*REQUIRED WORK*. Each line below should be repeated exactly, but no picture should be carried over.

*MATERIAL PROVIDED*.

※ ※ ※

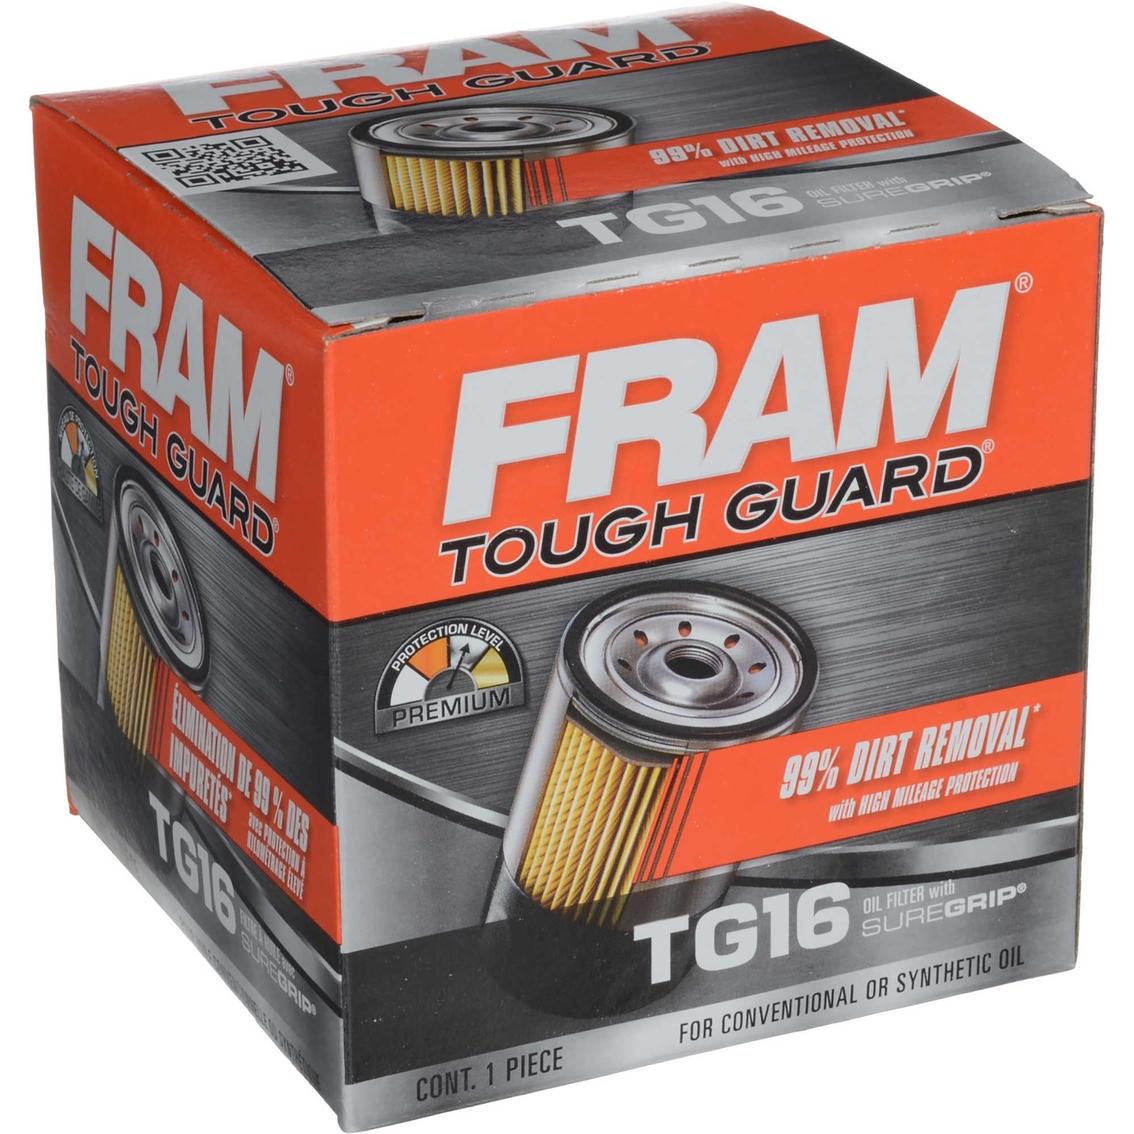 Fram Tough Guard Spin On Oil Filter Tg
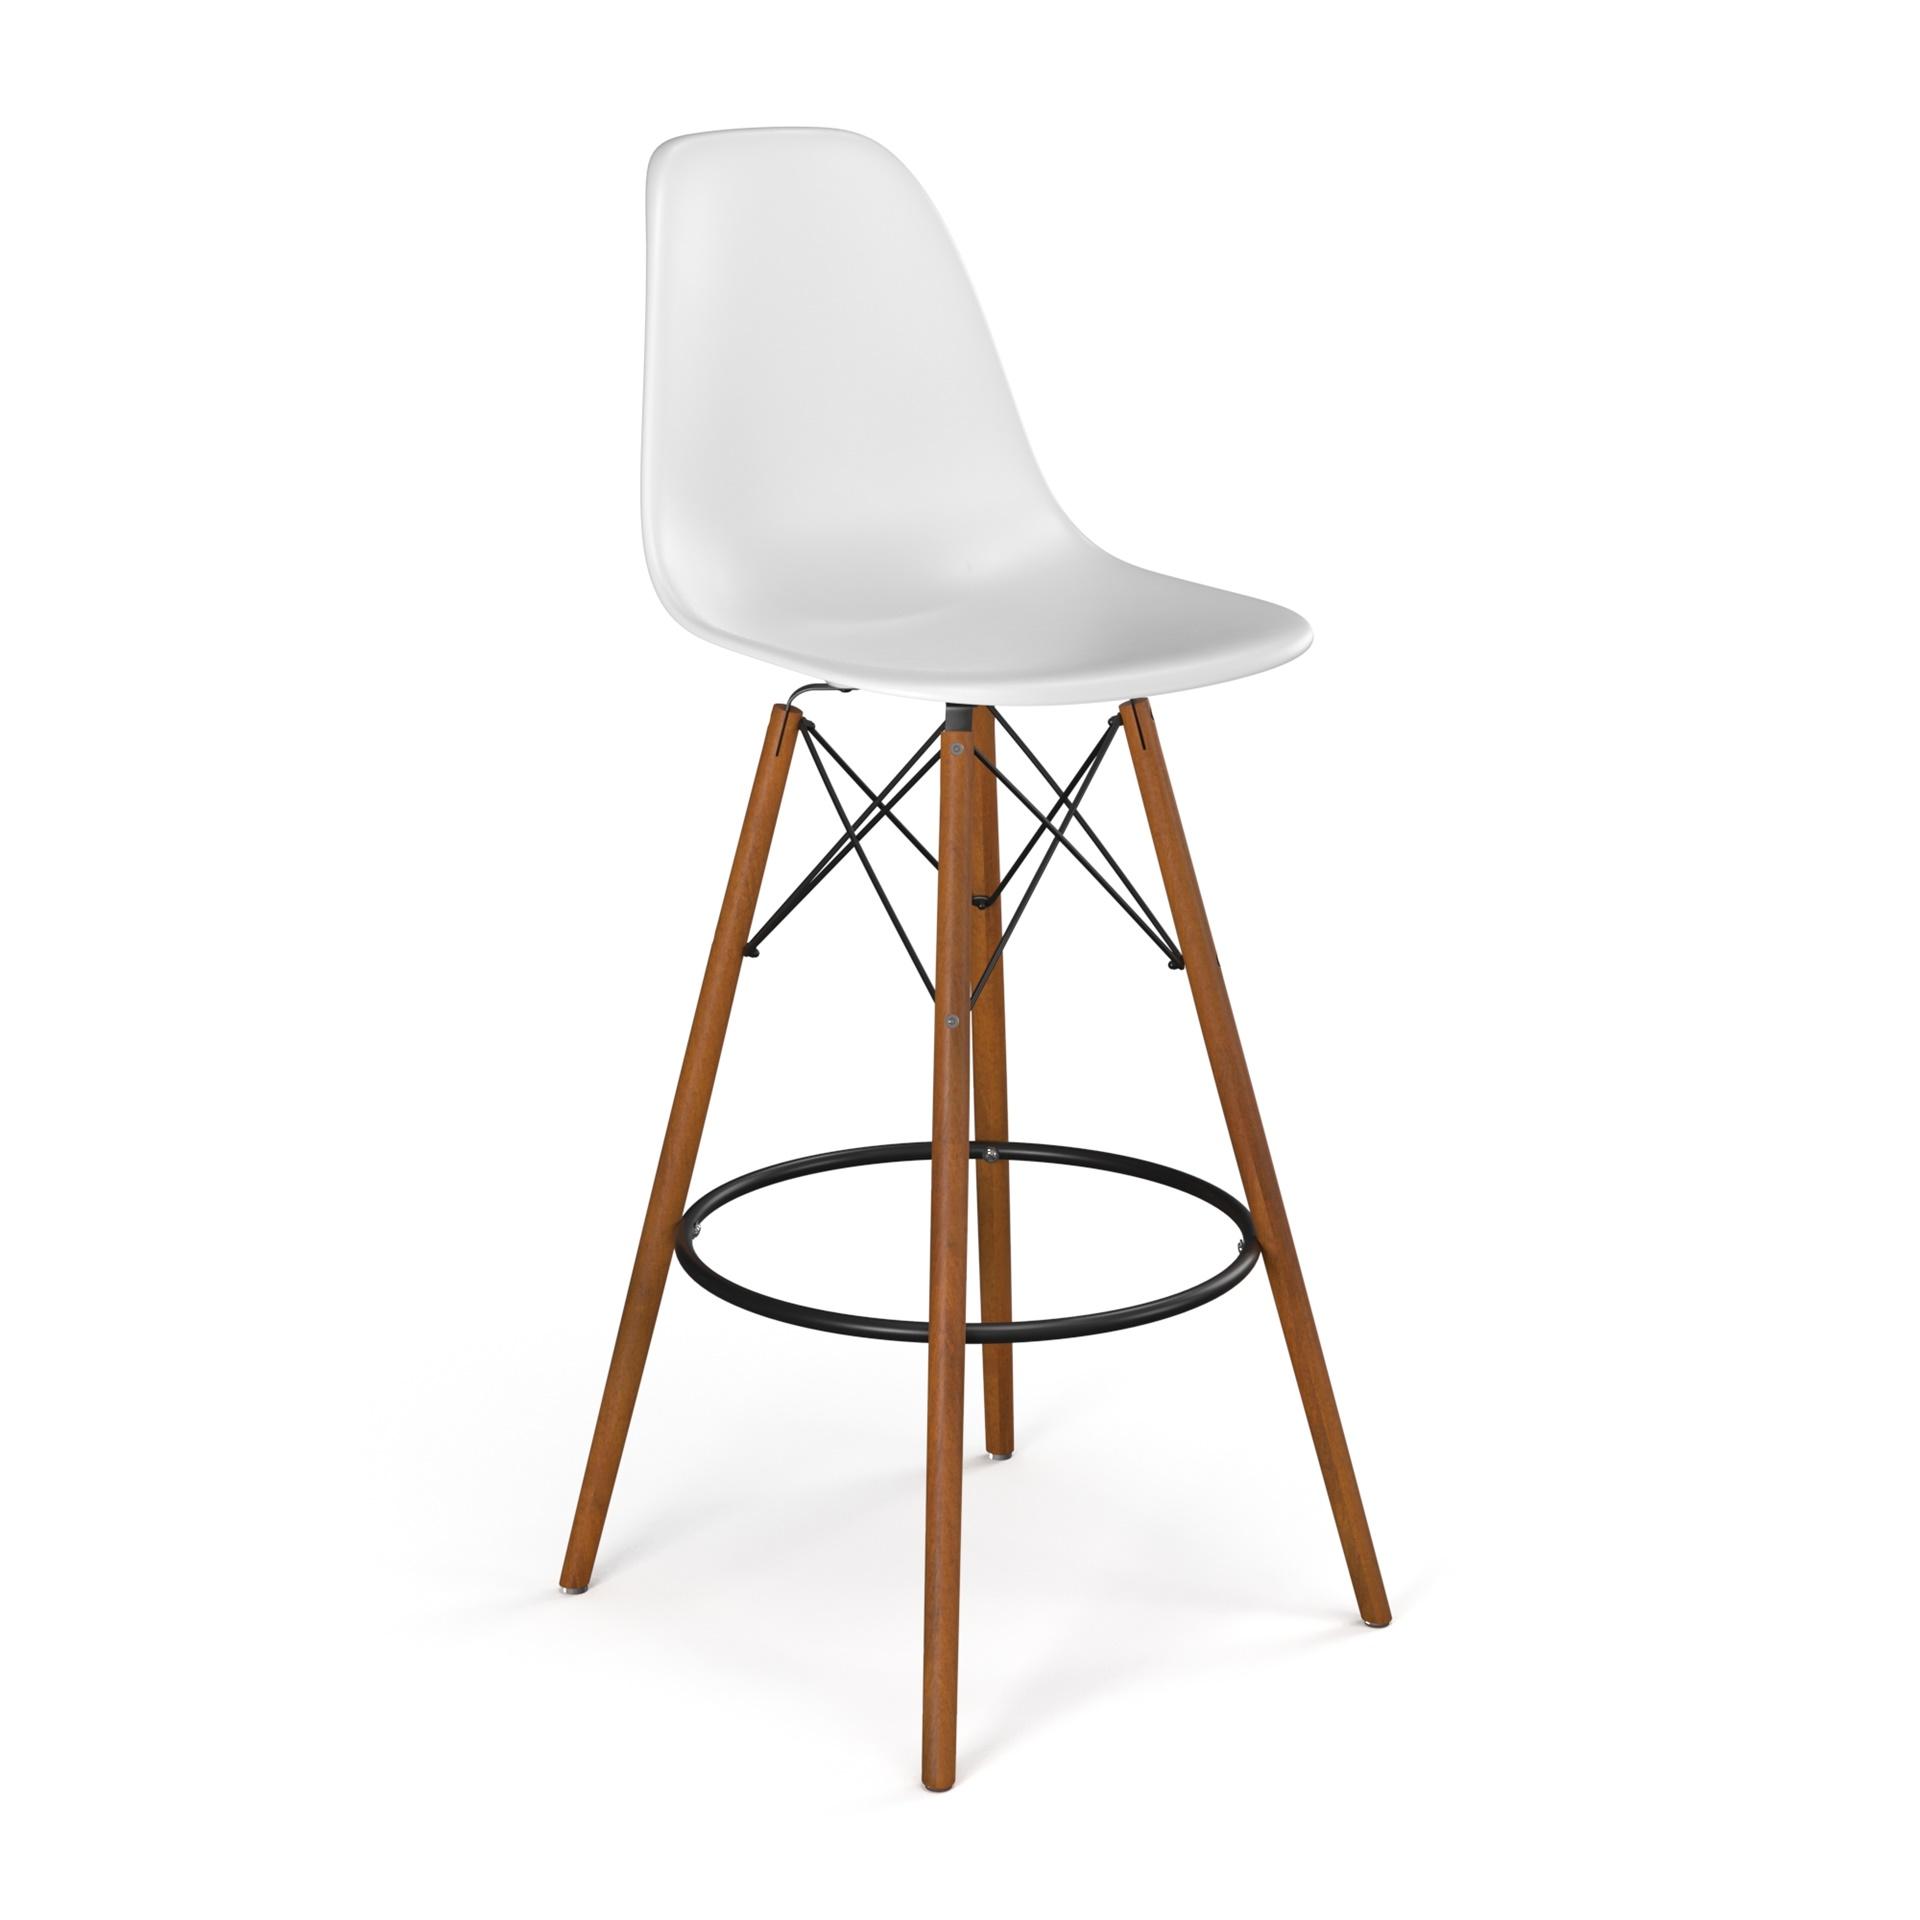 Molded plastic bar stool with wood legs
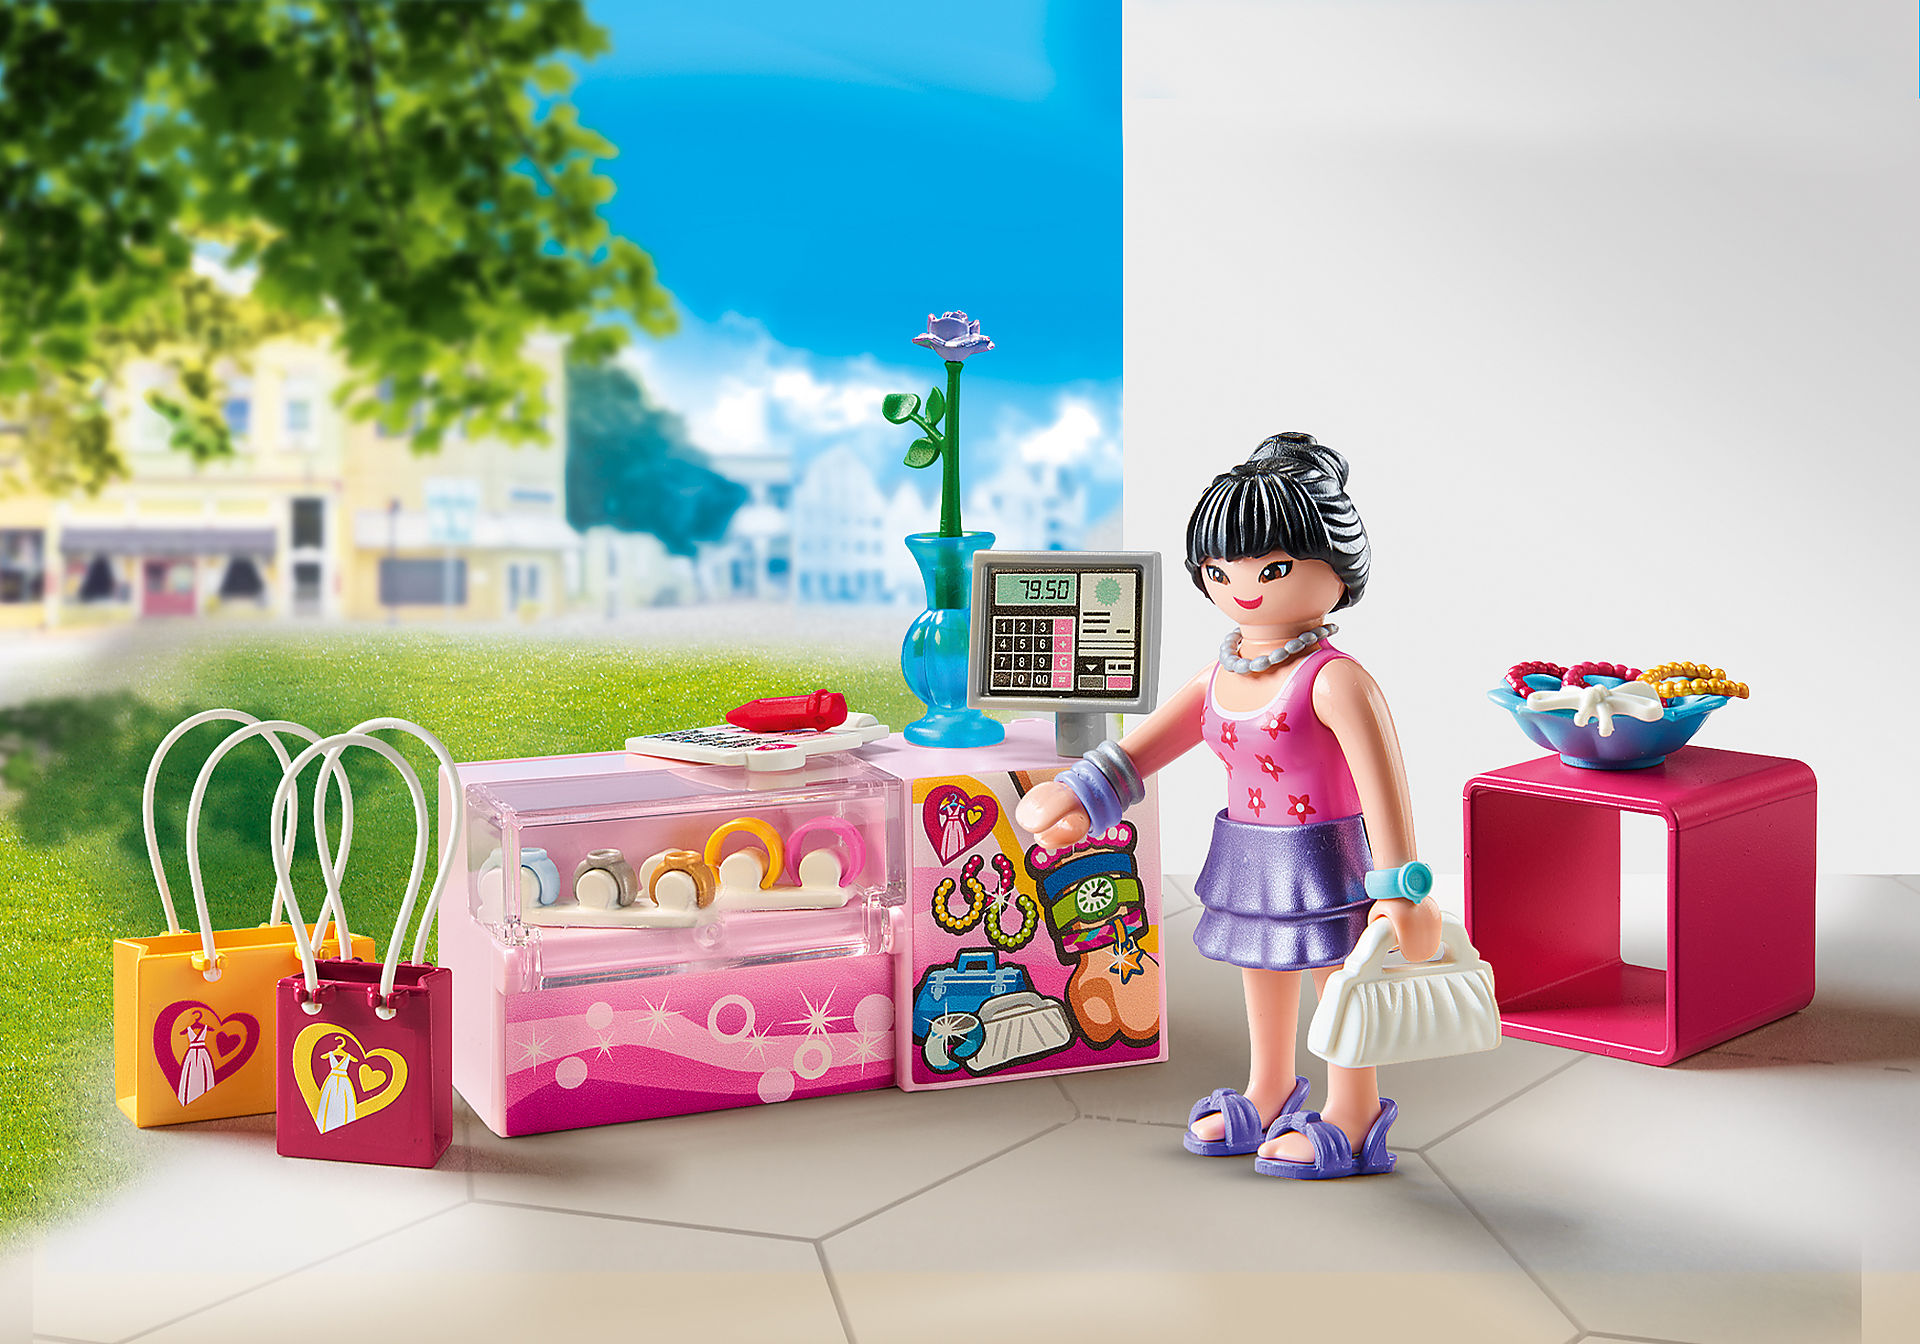 70594 Fashion Accessories zoom image1

※ ※ ※

*SOLUTION FOR THIS PROBLEM*.
 Fram Tough Guard Spin On Oil Filter Tg
 Molded plastic bar stool with wood legs
 70594 Fashion Accessories zoom image1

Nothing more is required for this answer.